Over and above these safety elements, the company’s expertise comes into its own in the fitting out of the interior calling on quality materials and all the avant-garde technologies when it comes to comfort and multimedia. A Porsche in the beginnings
All the crafts linked to the production of an exceptional car are carried out over a unique surface area of 15,000 m². When a car arrives at Carat by Duchatelet in Jupille, it is entirely stripped down and dismantled to allow a minimum of four operations, working in pairs to be carried out: lengthening the chassis and raising the roof, armouring the vehicle and fitting out of the interior.

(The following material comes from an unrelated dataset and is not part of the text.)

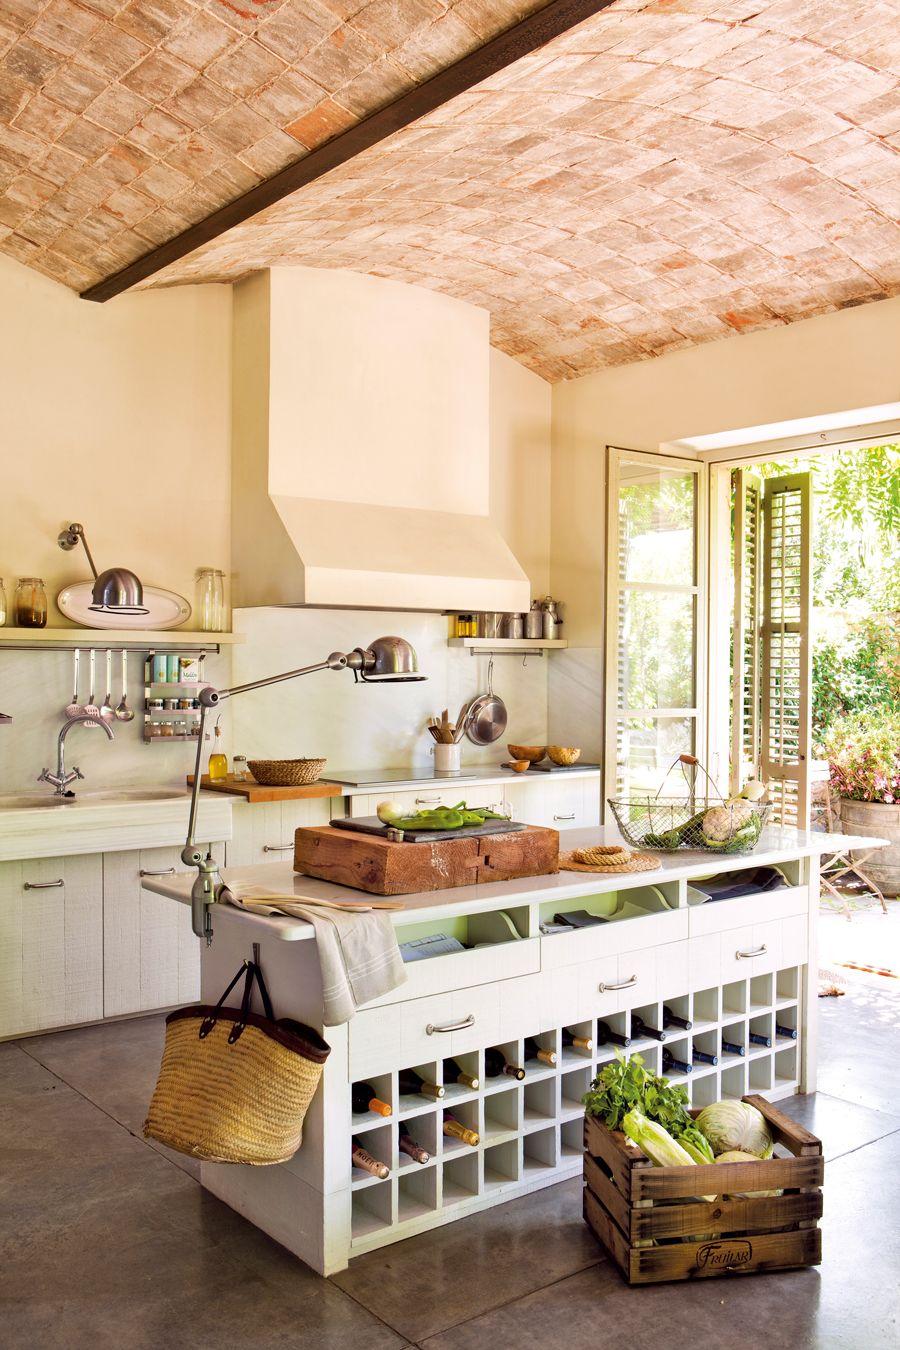 50 cocinas r sticas bonitas y con encanto cocinas - Muebles cocinas rusticas ...

The conjunction of thirteen top trades and the craftsmanship know-how allows them to reach levels of perfection reminiscent of a goldsmith’s finest work. Each department is headed-up by a specialised, experienced and passionate leader, whether he or she be an electronics engineer, cabinetmaker, leather trimmer, sheet metal worker …
Frédéric Duchatelet created his first company back in 1966 but had no intention of limiting himself to purely concentrating on coachwork for very long. And so at the beginning of the ‘70s he became a designer.
“For some time the craving to work on prestige vehicles had been nagging me”, Frédéric Duchatelet explained. “And so I acquired an old Porsche, with a view to restoring it, modifying it, beautifying it and giving it the opportunity to enjoy a second life. Highly proud of my work I inaugurated this initial creation by travelling on down to Cannes and Saint-Tropez together with a friend. Even though we felt like moguls, we were rather more the penniless rich, and to draw some attention I parked my car between a Rolls and a Ferrari. I soon noticed that my customised and unknown Porsche was having more success than the most expensive cars in the world, and on a whim I decided there and then to build twenty of them.”
The Porsche Duchatelet sold like hot cakes and their creator’s career was laid out in front of him. It was notably during a visit to the Middle East to analyse the luxury car market that Frédéric Duchatelet set his sights on converting Mercedes cars.
“ The wealthy individuals I met out there have a similar behaviour to ours. For their enjoyment they bring out their Rolls or Bentley at the weekend and during their business week they travel around in a Mercedes. In those days the Mercedes S Class was considered to be the world’s best touring car. Today our work has extended to other prestige makes boasting a similar level of quality such as Bentley, Rolls Royce and Range Rover.”
A British touch and refinement Merely lengthening or enhancing a Mercedes was obviously not the universal panacea. It was essential to add an original and be it less Germanic touch of refinement. Frédéric Duchatelet found his inspiration in British cars, where he would be able to enhance the details, to include some precious materials, and to take a delight in working with both colourful and rare types of wood.
Frédéric Duchatelet, having sold his twenty odd Porsche cars and created the basis of his future occupation and knowing that he was going to privilege the Mercedes make, got to the very heart of the matter. He bought his first Class S but he obviously required funds to convert it, which meant taking out a loan.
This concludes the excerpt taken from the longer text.